L’utilité économique et sociale de la gestion d’actifs

Créé le

09.05.2011

-

Mis à jour le

24.08.2011

La gestion d’actifs est l’un des moteurs majeurs pour drainer l’épargne vers les marchés. L’allocation des capitaux qu’elle organise doit répondre aux attentes des investisseurs, marquées aujourd’hui par une montée de l’aversion au risque. Son utilité économique et sa fonction sociale se manifestent dans la valorisation et la sécurisation des patrimoines des investisseurs, la contribution au financement des émetteurs, et l’animation des marchés en tant qu’apporteur de liquidités.
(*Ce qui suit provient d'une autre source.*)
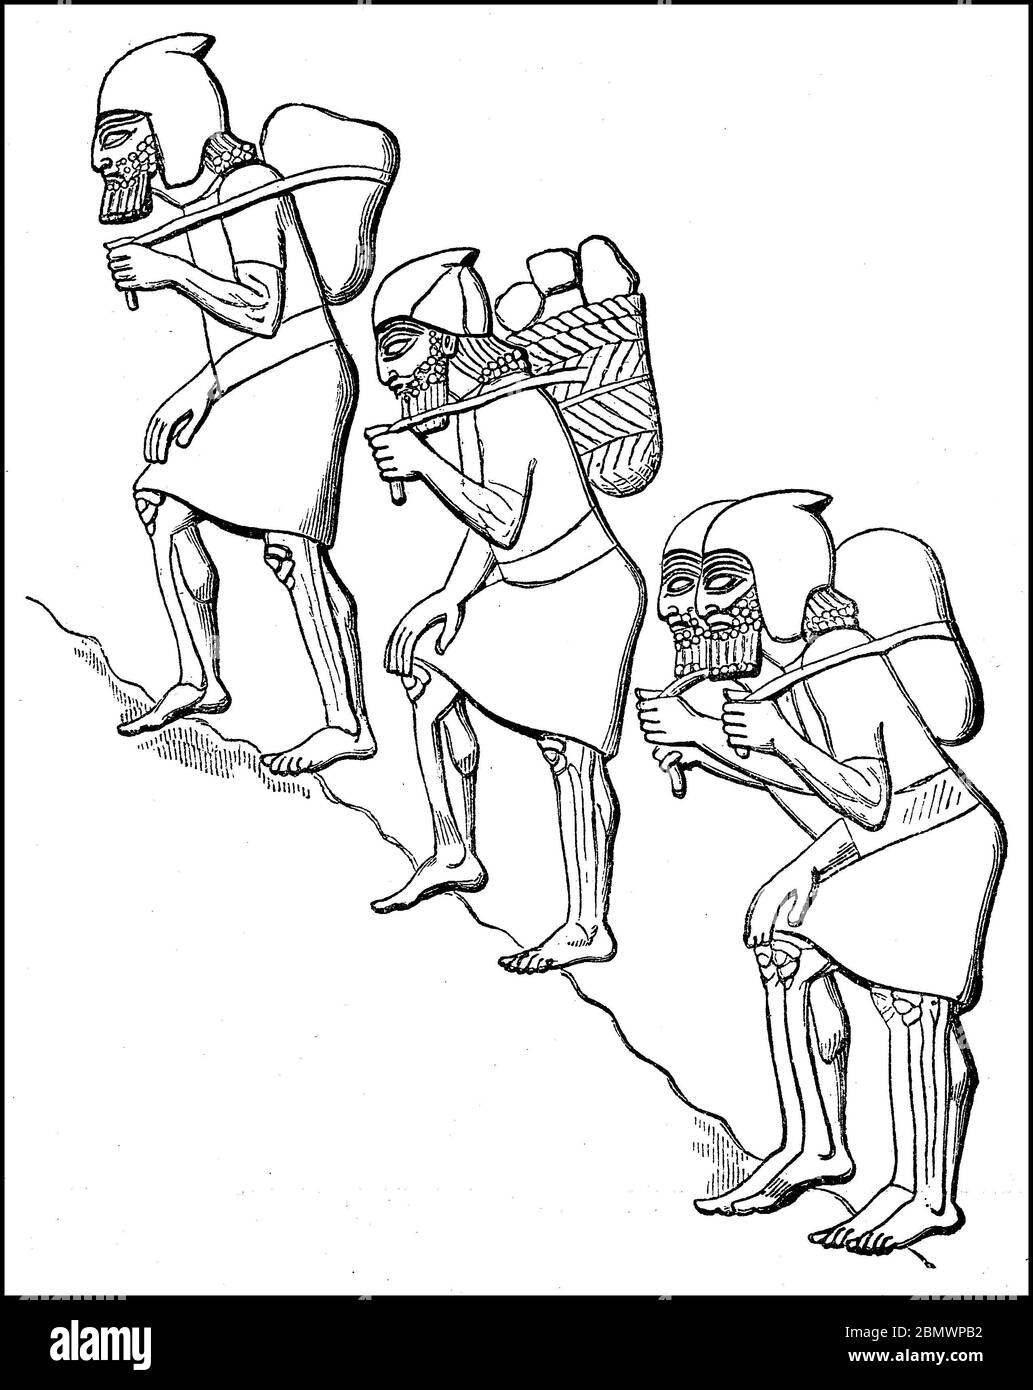 Jewish prisoners in the drudgery under Sennacherib, Sennacherib, Sanherib, Sin-achche-eriba, about 745 v. BC - January 16 680 v.. Chr., Was the son of Sargon II v. 705-680. Chr. Assyrian king  /  jüdische Gefangene bei der Fronarbeit unter Senacherib, Sin-ahhe-eriba, Sanherib, Sin-achche-eriba, etwa 745 v. Chr. - 16. Januar 680 v. Chr., war als Sohn Sargons II. von 705 bis 680 v. Chr. assyrischer König, Historisch, historical, digital improved reproduction of an original from the 19th century / digitale Reproduktion einer Originalvorlage aus dem 19. Jahrhundert, Stock Photo

Dans une économie moderne, la gestion d’actifs est l’un des moteurs majeurs de la « marchéisation » ordonnée et régulée du financement sain de l’économie, mettant en face directement épargne et investissement. C’est dans ce contexte que les gérants réalisent l’allocation d’actifs répondant à l’horizon de placement des épargnants/investisseurs et à leur aversion ou à leur tolérance face aux risques. Pour cela, les gestionnaires sélectionnent les opportunités de placement les plus à même de satisfaire leurs clients.

Un phénomène de société

Quel que soit le domaine, le risque exprime la coexistence d'un aléa et d'un enjeu. Lorsque quelqu’un prend un risque, l’aléa se manifeste car les conséquences de son entreprise ne sont pas totalement prévisibles, l’enjeu étant constitué par l’existence d’une probabilité de gain et/ou de perte. Le risque d’un placement, lui, désigne l’incertitude de sa rentabilité future à la hausse ou à la baisse. Ainsi, en dépit de la perception dominante, le risque n’est pas une notion fondamentalement et nécessairement négative, au contraire. Dans le cas des actions, et cela est valable pour tous les autres types de placement, on considère que leur performance implique un arbitrage entre la rentabilité attendue et le risque pris. Les individus composent donc leur patrimoine en fonction de leur perception/connaissance « anticipée » de ce couple et surtout de leur préférence ou aversion face aux risques. Si la théorie économique enseigne que les individus sont « risquophobes » par nature, on assiste pour autant, depuis quelques années, à un renforcement de l’aversion pour la prise de risques, et cela concerne aussi bien les investisseurs/épargnants que les pouvoirs publics. De façon plus large, cette aversion est devenue un phénomène de société, qui se manifeste notamment par une préférence accrue pour l’application du principe de précaution dans pratiquement tous les domaines de la vie.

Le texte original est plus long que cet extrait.